Литмир - Электронная Библиотека
Содержание  
A
A

В первом случае явно используется эпизод из «Крыльев»: Ваня Смуров вызывает эротическую реакцию вдовы-старообрядки Марья Дмитриевны, завершающуюся попыткой полноценного контакта: «…она обняла Ваню и стала целовать его в рот, глаза и щеки, все сильнее прижимая его к своей груди. Ване, сразу отрезвевшему, стало жарко, неловко и тесно <…> Но та все крепче его прижимала к своей груди, быстро и неслышно целуя в щеки, рот, глаза, и шептала: „Ванечка, голубь мой, радость моя!“»[866]. Но Ваня находит в себе силы произнести «Да пусти же меня, проклятая баба!» и вырваться из объятий. Герой Ауслендера оказывается намного романтичнее: «Гавриилов в ужасе хотел подняться, освободиться от крепких, сжимающих его колени рук, дотронулся до мягких волос Агатовой и, побледнев, сладкую знакомую усталость испытывая после всех событий этих дней, медленно и беззвучно склонился на мягкий ковер в глубоком обмороке» (С. 63). А потом, на следующее утро, сцена почти повторяется, завершаясь почти так же, как в романе Кузмина: «Душно стало Гавриилову от этих жадных губ, прильнувших к нему. Ужас какой-то охватил его, и, шепча: „Не надо, не надо!“ — оттолкнул он женщину…» (С. 66).

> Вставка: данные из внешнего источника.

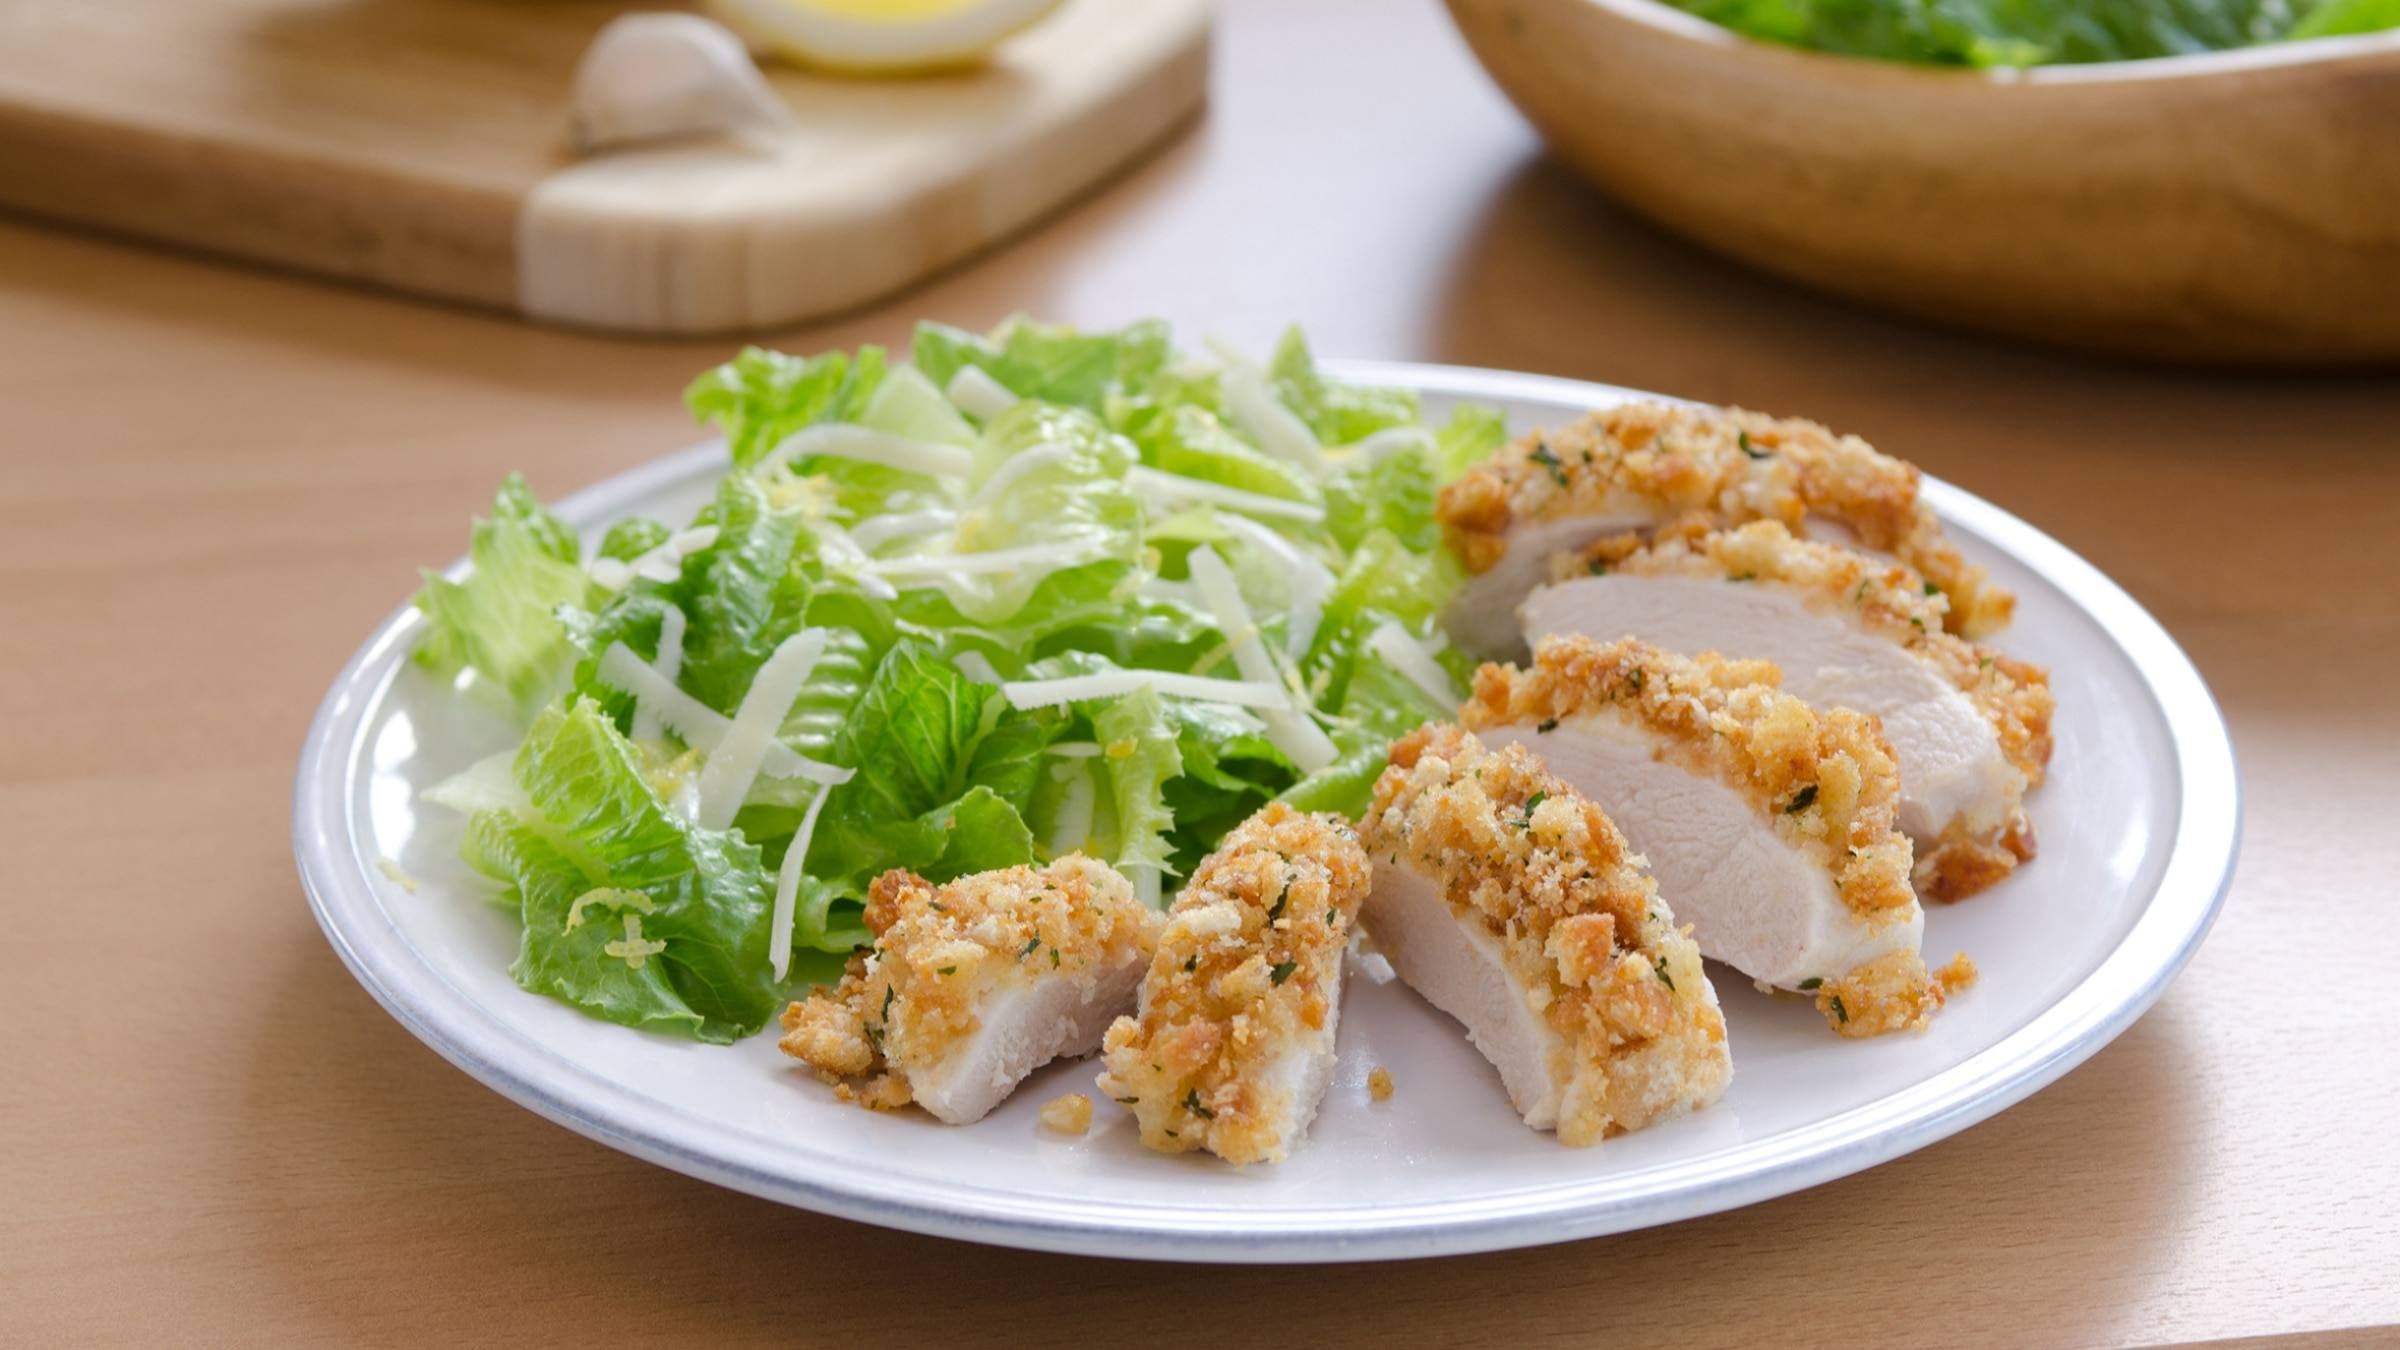 Caesar-Crusted Chicken Recipe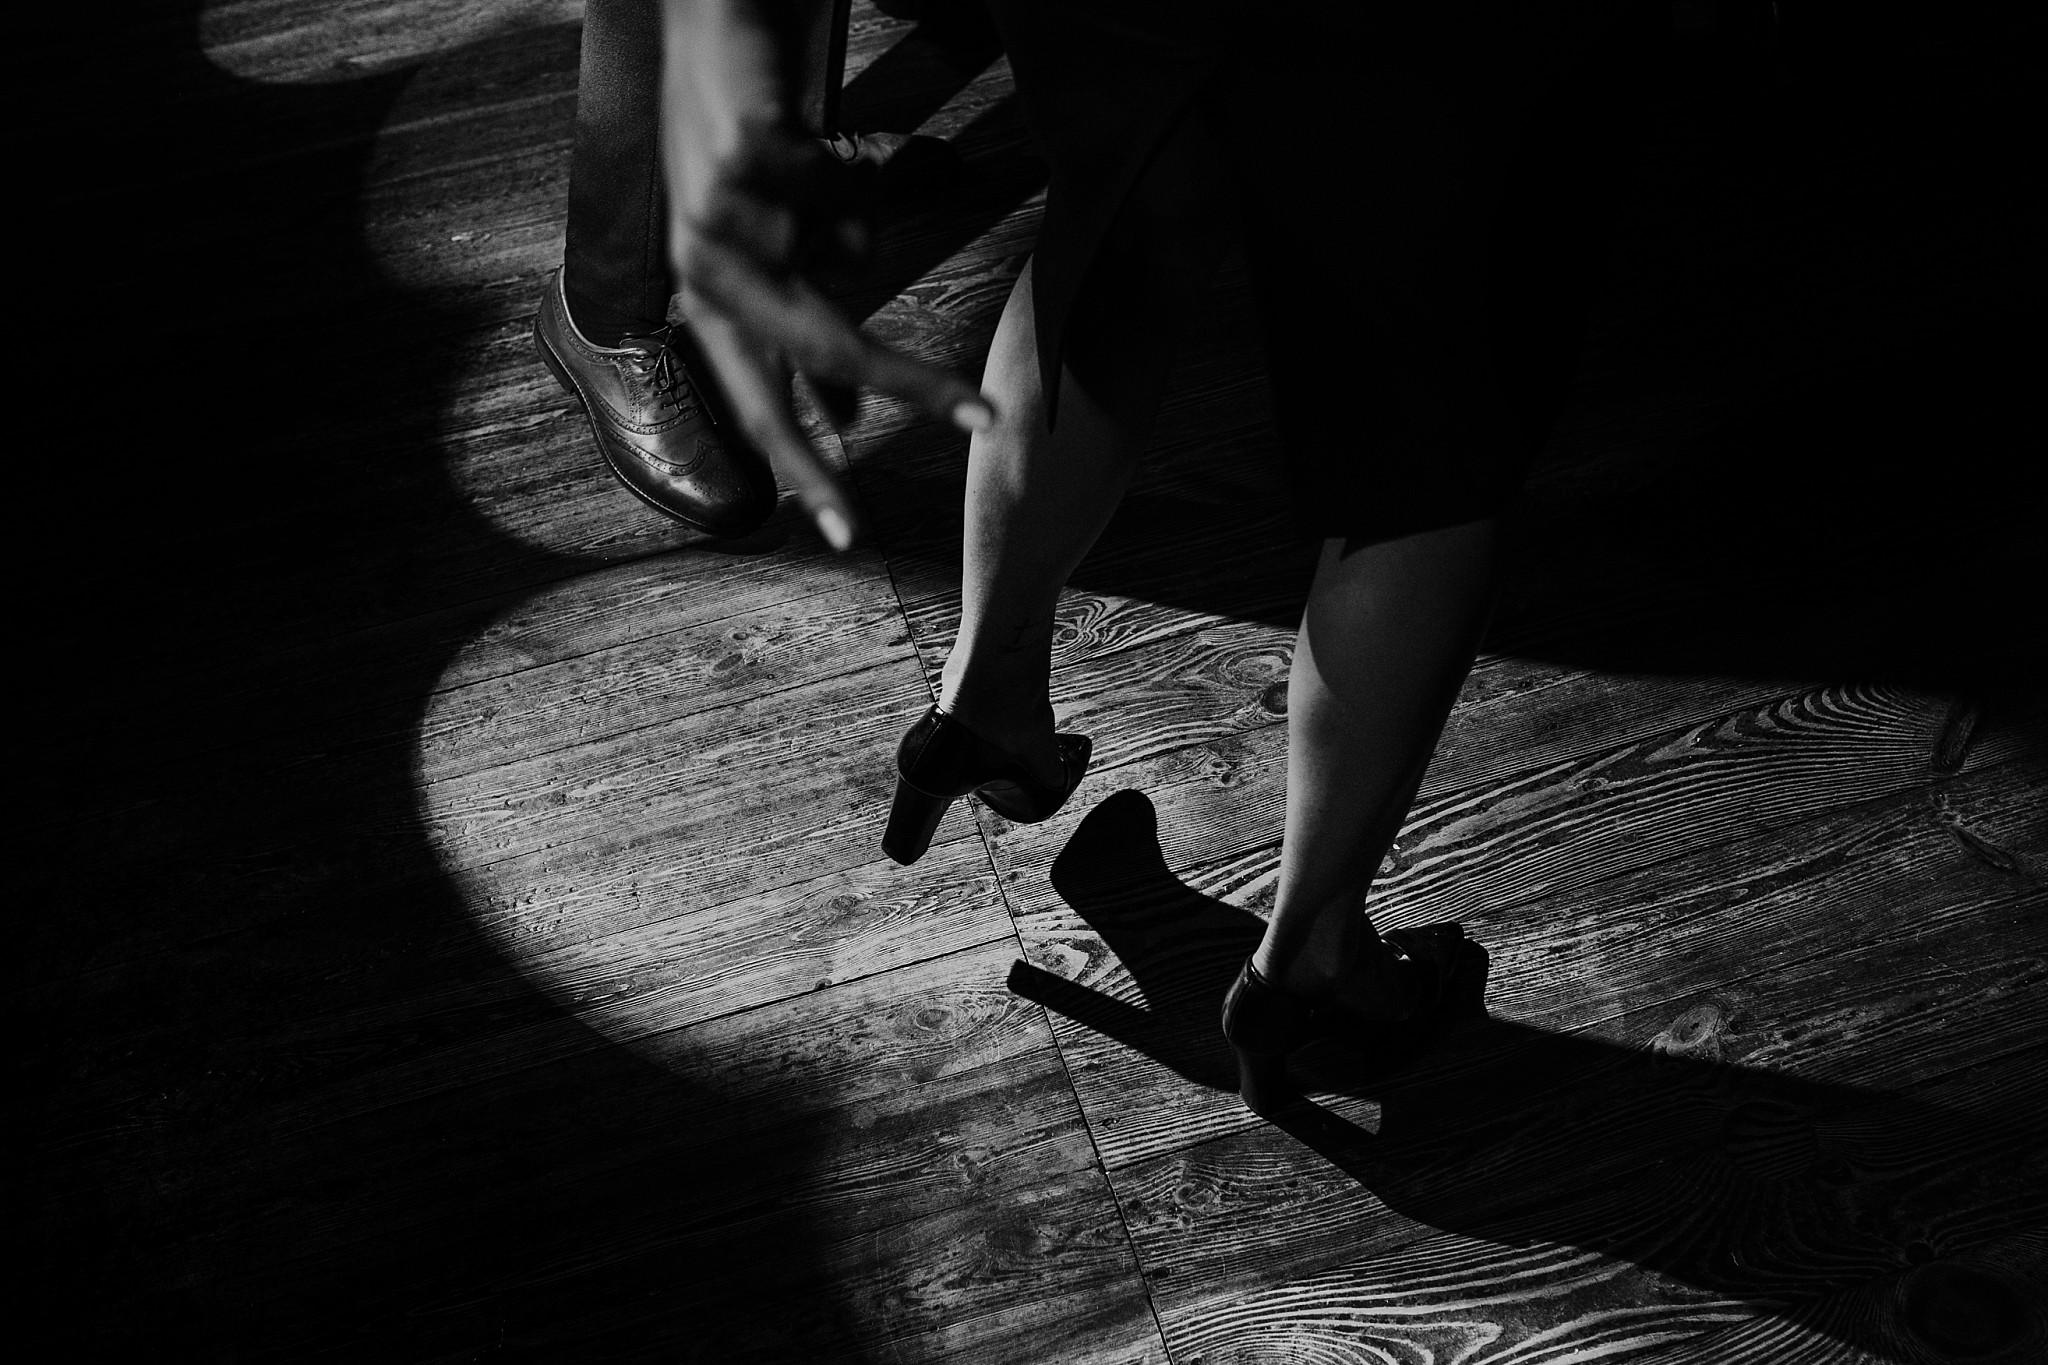 fotograf poznan wesele dobra truskawka piekne wesele pod poznaniem wesele w dobrej truskawce piekna para mloda slub marzen slub koronawirus slub listopad wesele koronawirus 477

Второй раз аналогичная сцена происходит в трактире «Петропавловск», где на втором этаже размещается публичный дом. Увлекаемый проституткой, Гавриилов снова падает в глубокий обморок. На этот раз сцена как две капли воды напоминает фрагмент из романа Кузмина «Нежный Иосиф», где герой оказывается в публичном доме, где так же бегают девицы, крича: «Режут, режут, батюшки!» — впрочем, у Кузмина иначе: «Он ее зарезал насмерть! Она не дышит!» Да и вся прочая обстановка и персонажи «домов» очень напоминают друг друга. Но опять-таки у Кузмина обходится без обморока.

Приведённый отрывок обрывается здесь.